Les nouveaux chouchous du rock britannique ont lancé cette année leur troisième album studio, Humbug, peu de temps après la sortie de leur Cd/DVD live, Live at the Apollo. Avec Humbug, on peut dire que le jeune quatuor nous offre quelque chose de délibérément différent. Le son général de l’album est à la fois rétro et moderne, à la différence de Favourite Worst Nightmare, qui était beaucoup plus actuel et vibrant.

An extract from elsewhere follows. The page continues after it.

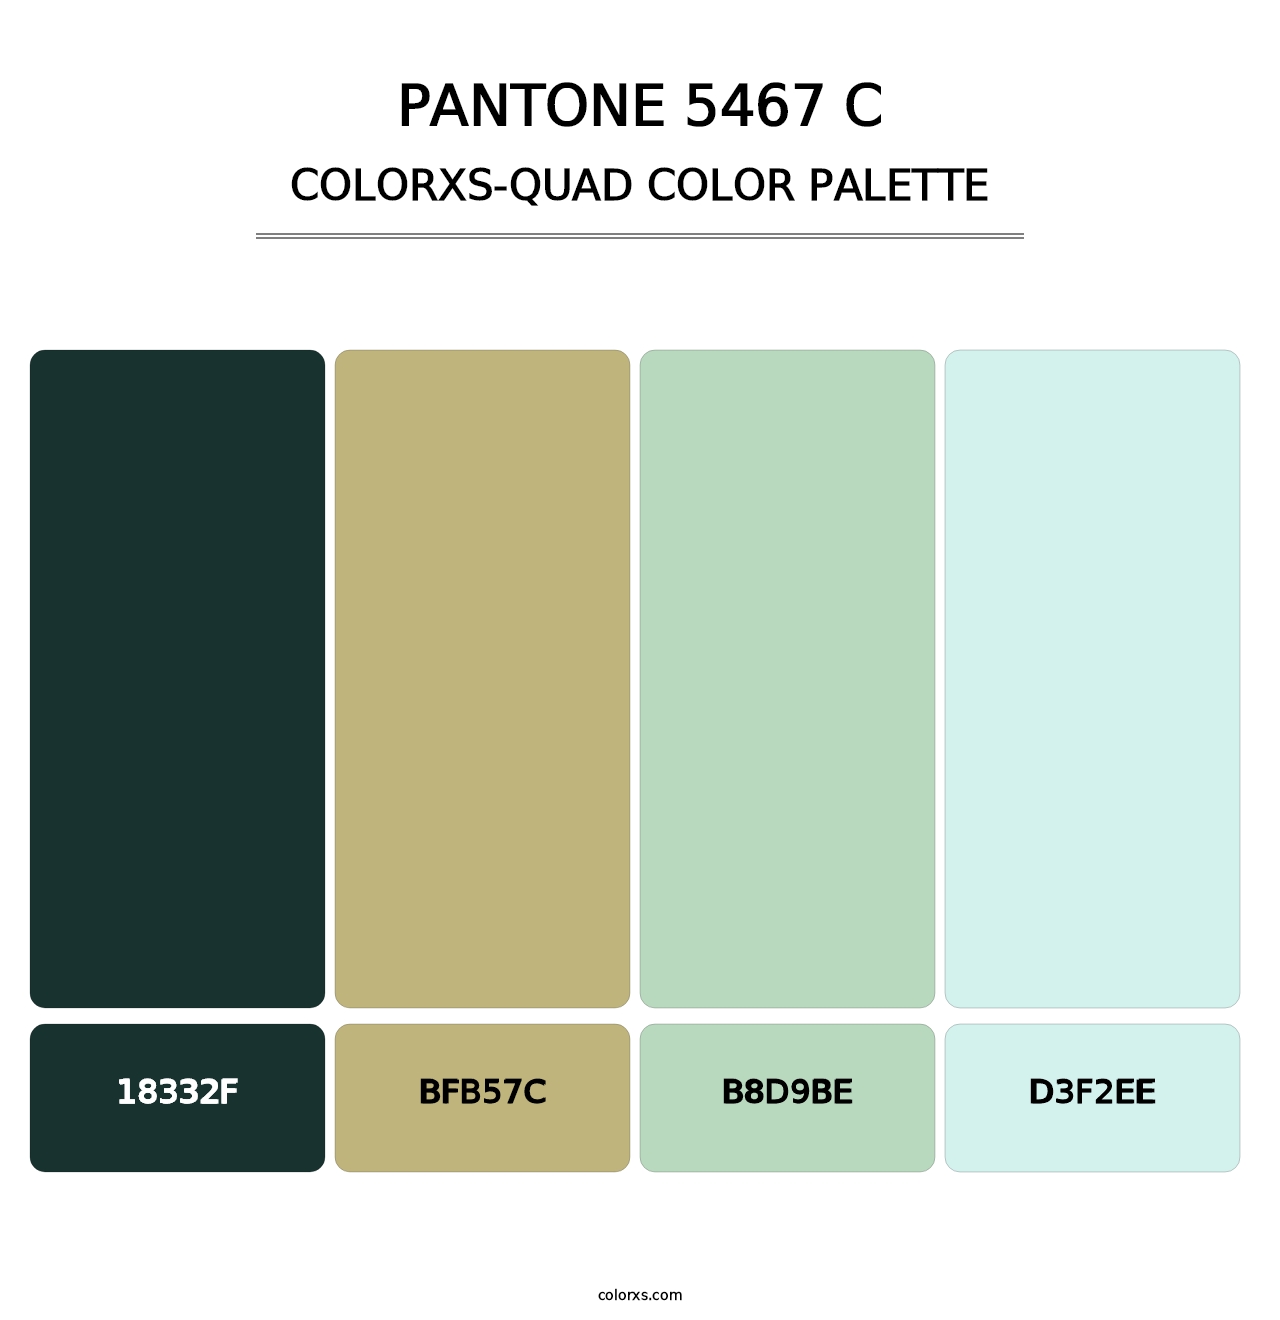 PANTONE 5467 C - Colorxs Quad Palette

Je dois être honnête, les trois premières écoutes de l’album m’ont déçues. Non pas par sa qualité qui est loin d’être médiocre, mais seulement pour la marge qui s’est établie entre ce nouvel opus et le matériel précédant des Arctic Monkeys. Sur Humbug, on perd le côté joyeux et dansant du rock britannique, qui était si dominant sur les autres albums; les mélodies sont plus matures, moins légères, tout comme les paroles. Il m’a fallu m’habituer à cette nouvelle image du groupe, qui se veut être beaucoup moins joviale qu’autrefois. Les raisons de ce changement de style me sont inconnues, mais j’imagine que la célébrité grandissante des jeunes musiciens et que leurs probables abus de substances les y ont amené. À noter que les paroles sont le miroir de ce qu’elles furent autrefois; si Alex Turner scandait  » I bet that you look good on the dance floor!  », maintenant il se tient plutôt loin de la séduction et semble brisé par les méfaits de celle-ci;  » Your past-time consisted of a strange, and twisted and deranged, I hate that little game you have called crying lightning… »

Une fois le premier  »rush » intellectuel passé, une fois le cerveau accoutumé au nouveau son (à noter qu’une telle période d’ajustement ne s’effectue pas dans le cas de nouveaux fans; c’est pour les anciens que c’est difficile), l’album se révèle être un joyau en son genre, genre qui est plutôt mal défini et vague, genre que les Arctic Monkeys tentent de faire naître et sur lequel ils comptent pour se propulser au sommet. La maturité y est de guise, et les influences ont grandement changé. Humbug s’éloigne des standars établis par The Strokes, The Vines et autres précurseurs du garage rock revial; on y retrouve des traces de Jimi Hendrix, pour le côté planant, et j’irais même jusqu’à dire de vieux doom rock (Black Sabbath par exemple), par la lenteur des tempos et le son amorti et distortionné de la guitare.

Fait majeur à noter: l’album a été produit par Josh Homme, le leader de Queen of the Stone Age, ce qui rajoute un côté sombre et psychédélique à l’album.